Suffice it to say we had a BLAST!!!

I will let the pics speak for themselves.

On a side note... The guy running the place was having a ball sticking all the stock in front of the camera.


----------



## DOZER (Sep 30, 2007)

And some more...


----------



## luckyfitz13 (Apr 6, 2008)

hey that shop in NY, where abouts? maybe smokem and i will come visit! or you all can come to ours in ALbny, Dozers come to see us already


----------



## jam (Dec 29, 2007)

We have to research why there was no sound you guys had a mac they internal mics so it has to be the stickham program. sound would have been funny, the video was awesome.
The cigar cases there look like soda cases cool

I cant believe i missed the Atlantic cigar Herf


----------



## karmaz00 (Dec 5, 2007)

awsome pics. its was fun to put a face to your name.


----------



## DOZER (Sep 30, 2007)

luckyfitz13 said:


> hey that shop in NY, where abouts? maybe smokem and i will come visit! or you all can come to ours in ALbny, Dozers come to see us already


Long Island


----------



## mjohnsoniii (Sep 9, 2007)

awesome times


----------



## Doogie (Oct 15, 2007)

nice pics Mike


----------



## jitzy (Jan 7, 2007)

it was a great time it was worth the $50 summons I got


----------



## tx_tuff (Jun 16, 2007)

Great pics and it was fun watching y'all on video.
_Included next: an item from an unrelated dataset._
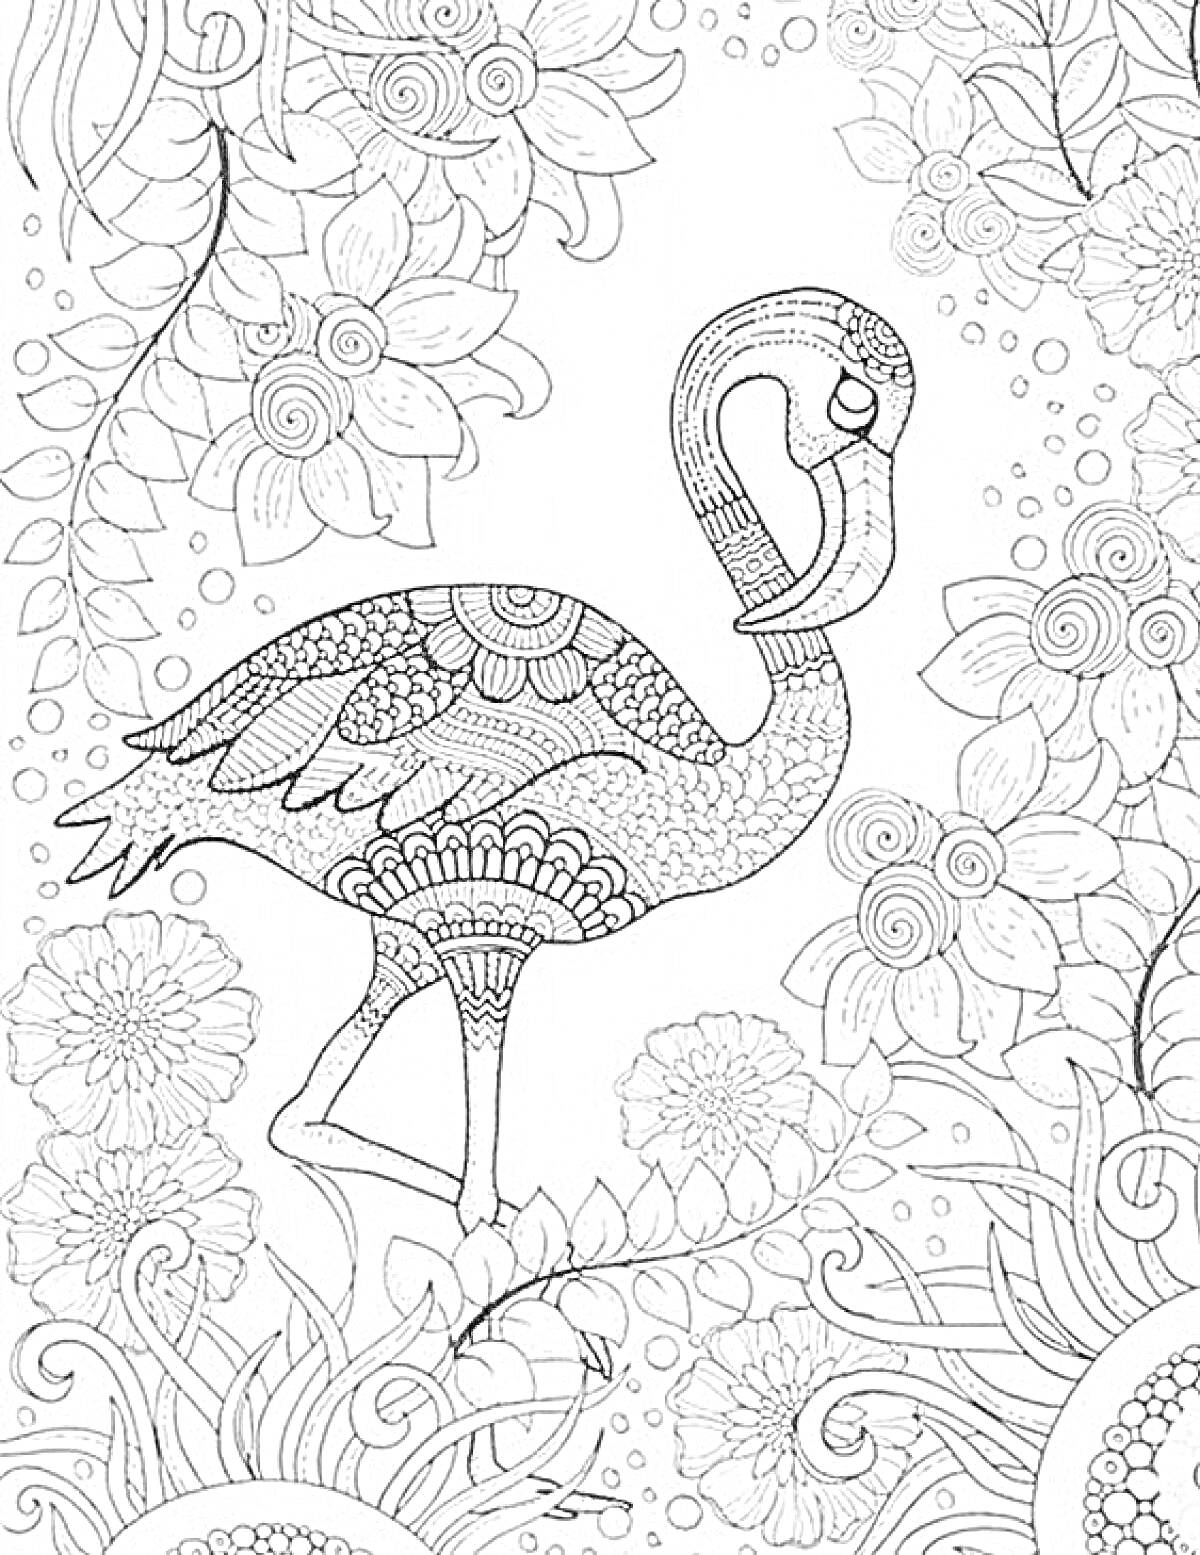 Антистресс раскраска с фламинго, цветами и декоративными элементами
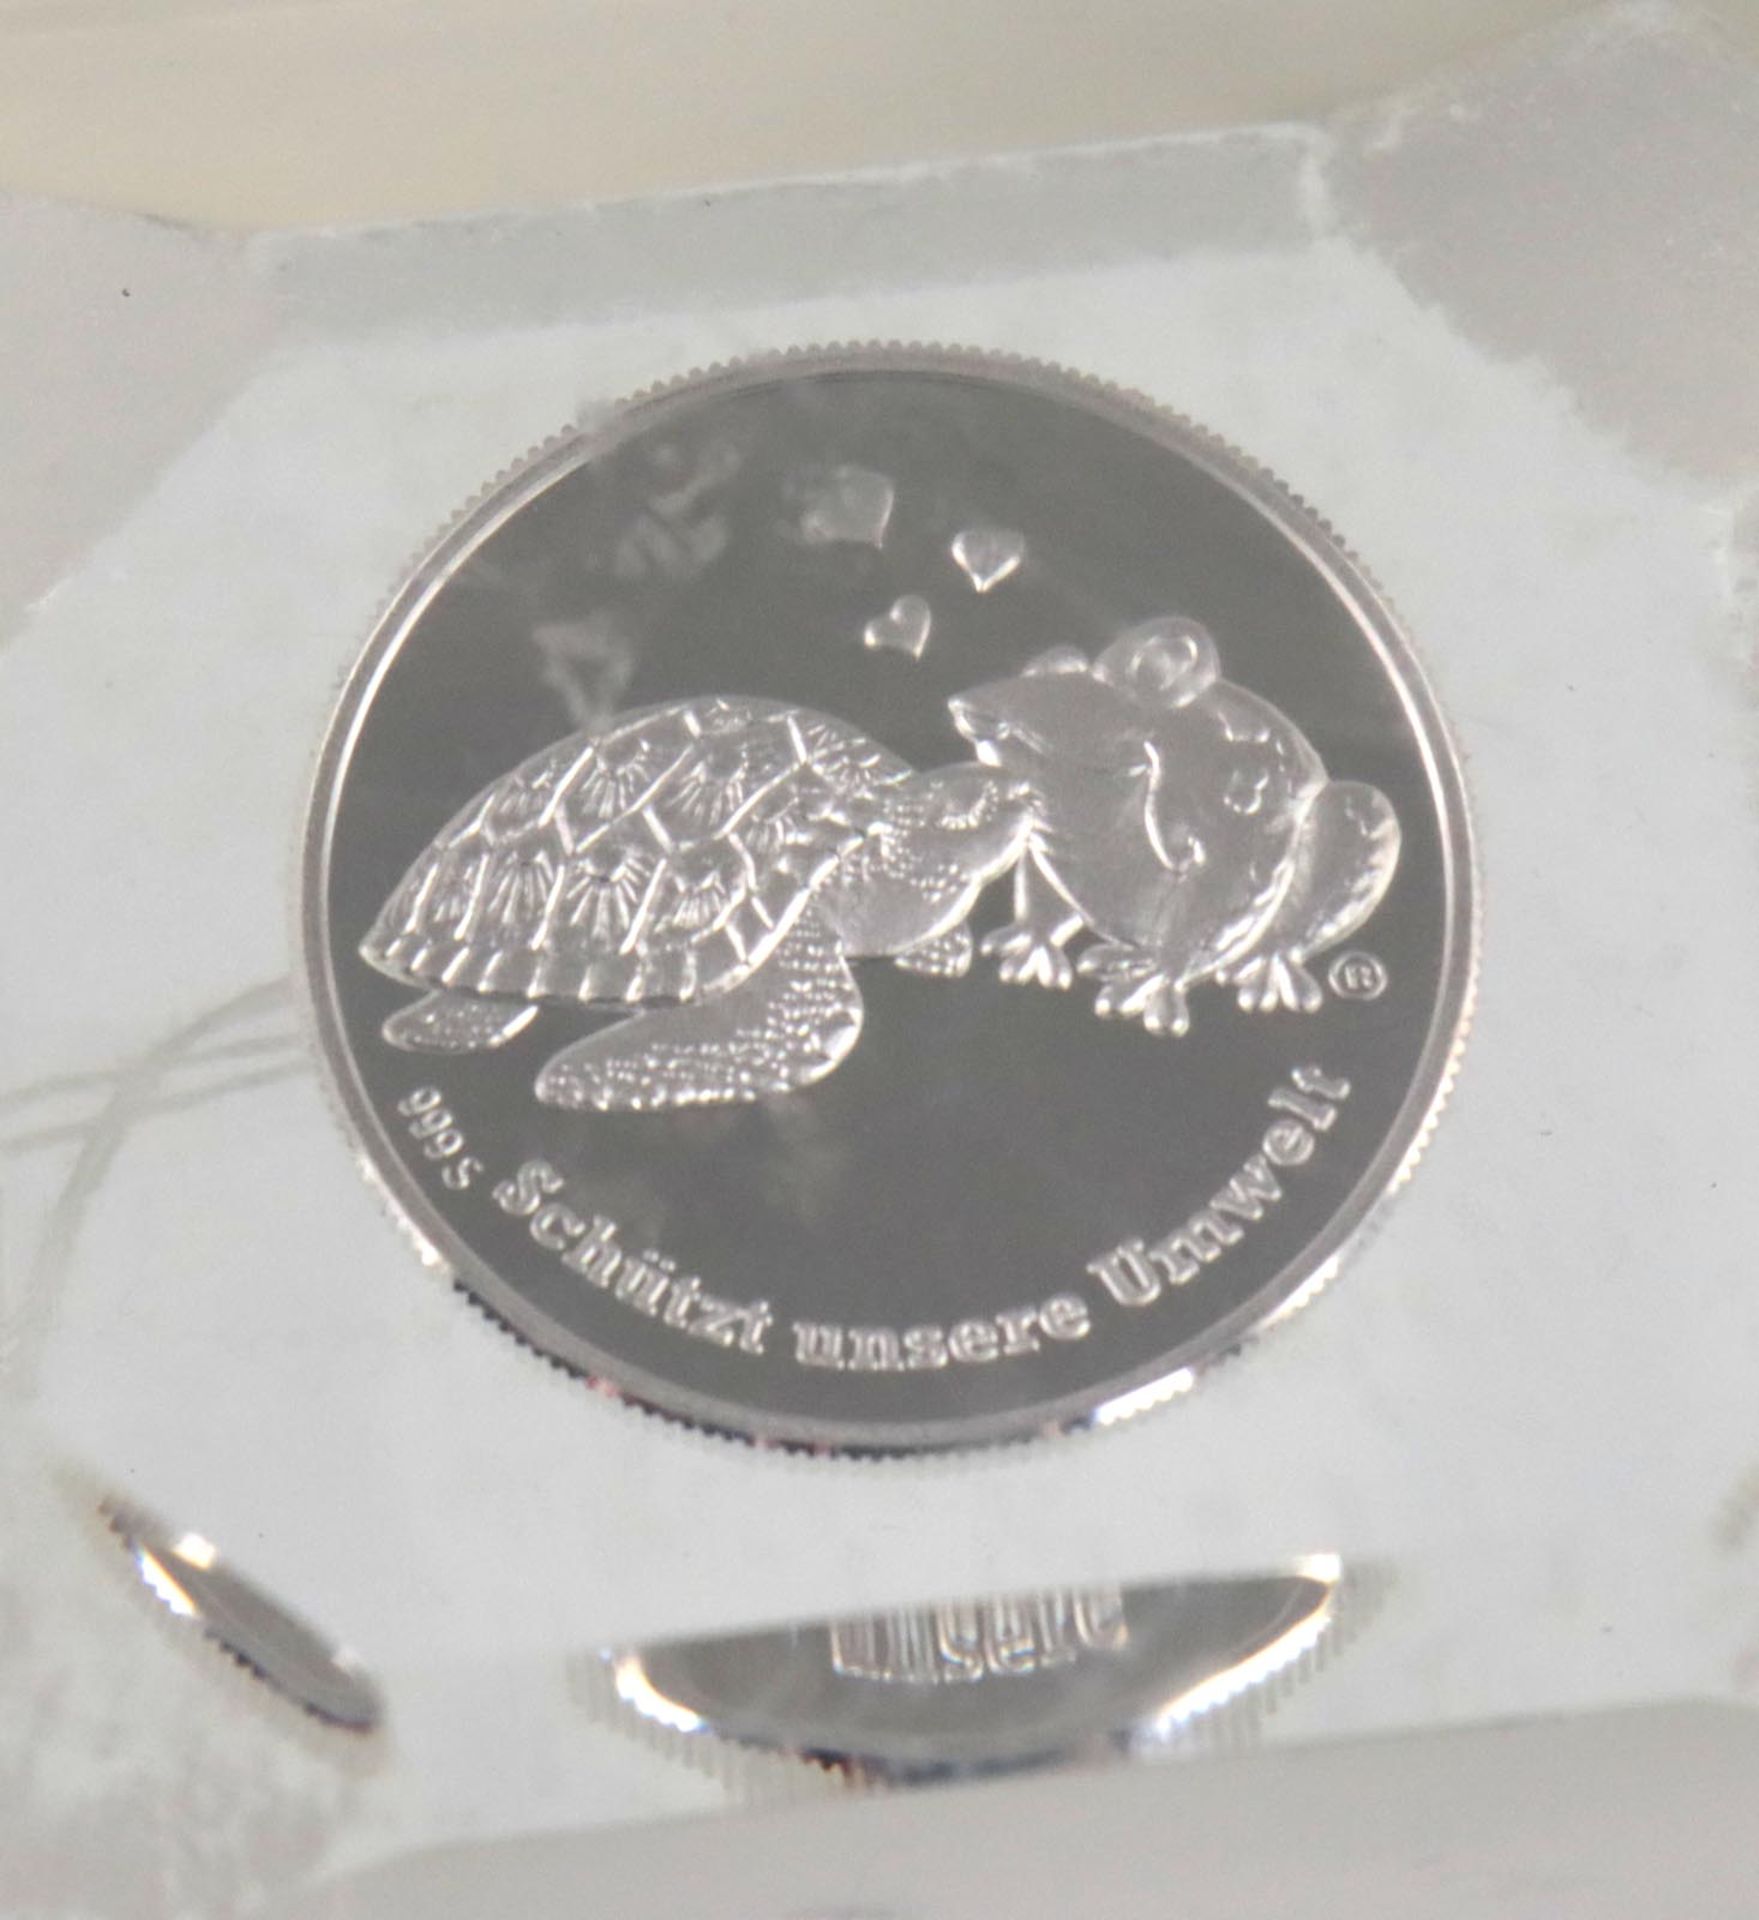 Silbermünze im Acrylwürfel - Bild 2 aus 2

But the microphone on the computer must have been turned off, we had sound when Houston video was on.


----------



## DOZER (Sep 30, 2007)

jitzy said:


> it was a great time it was worth the $50 summons I got


 What happened???


----------



## jam (Dec 29, 2007)

jitzy said:


> it was a great time it was worth the $50 summons I got


what no PBA sticker om your car


----------



## LkyLindy (Feb 1, 2008)

Great time--
I was parked in a 2 hour spot and was worried about a ticket -luckily nada-
Joe was parked in the lot--what was with that??????


----------



## Yesenia-cl (Dec 29, 2007)

tx_tuff said:


> Great pics and it was fun watching y'all on video. But the microphone on the computer must have been turned off, we had sound when Houston video was on.


Really!? The mic WAS turned on oddly enough...and we didnt get any sound for Houston, and we had the sound turned on...it was just a static kind of sound in the background. aww darn 

OMG that was so much fun! I cant wait for the next one. Had so much fun guys. Great pictures


----------



## Doogie (Oct 15, 2007)

WTF!!!!:mumbles: I parked on the street and didn't get a ticket


----------



## DOZER (Sep 30, 2007)

Yesenia said:


> Really!? The mic WAS turned on oddly enough...and we didnt get any sound for Houston, and we had the sound turned on...it was just a static kind of sound in the background. aww darn
> 
> OMG that was so much fun! I cant wait for the next one. Had so much fun guys. Great pictures


I could hear Houston when I got home. I went in and chatted with Frank for a bit.


----------



## Yesenia-cl (Dec 29, 2007)

Arrggh...stupid Mac! Next time it will be configured properly LOL


----------



## tx_tuff (Jun 16, 2007)

Yeah we didn't have sound at first but than we did, don't ask is what we did because we have no earthly idea LOL


----------



## ibosmiley-cl (Apr 15, 2007)

Looked like a great time!!


----------



## happy1 (Jun 29, 2007)

Glad you guys had a great time


----------



## howland1998 (Dec 17, 2007)

Looked to be a great time.


----------



## Jimmy Ray (Nov 10, 2007)

:sorry:Great Pics I'm sorry i missed it. I'm ready for Saturday though.:biggrin:


----------



## cusccrstud21 (Mar 20, 2008)

you guys are so lucky to have a great B&M like that around!! i have none that are any good!!


----------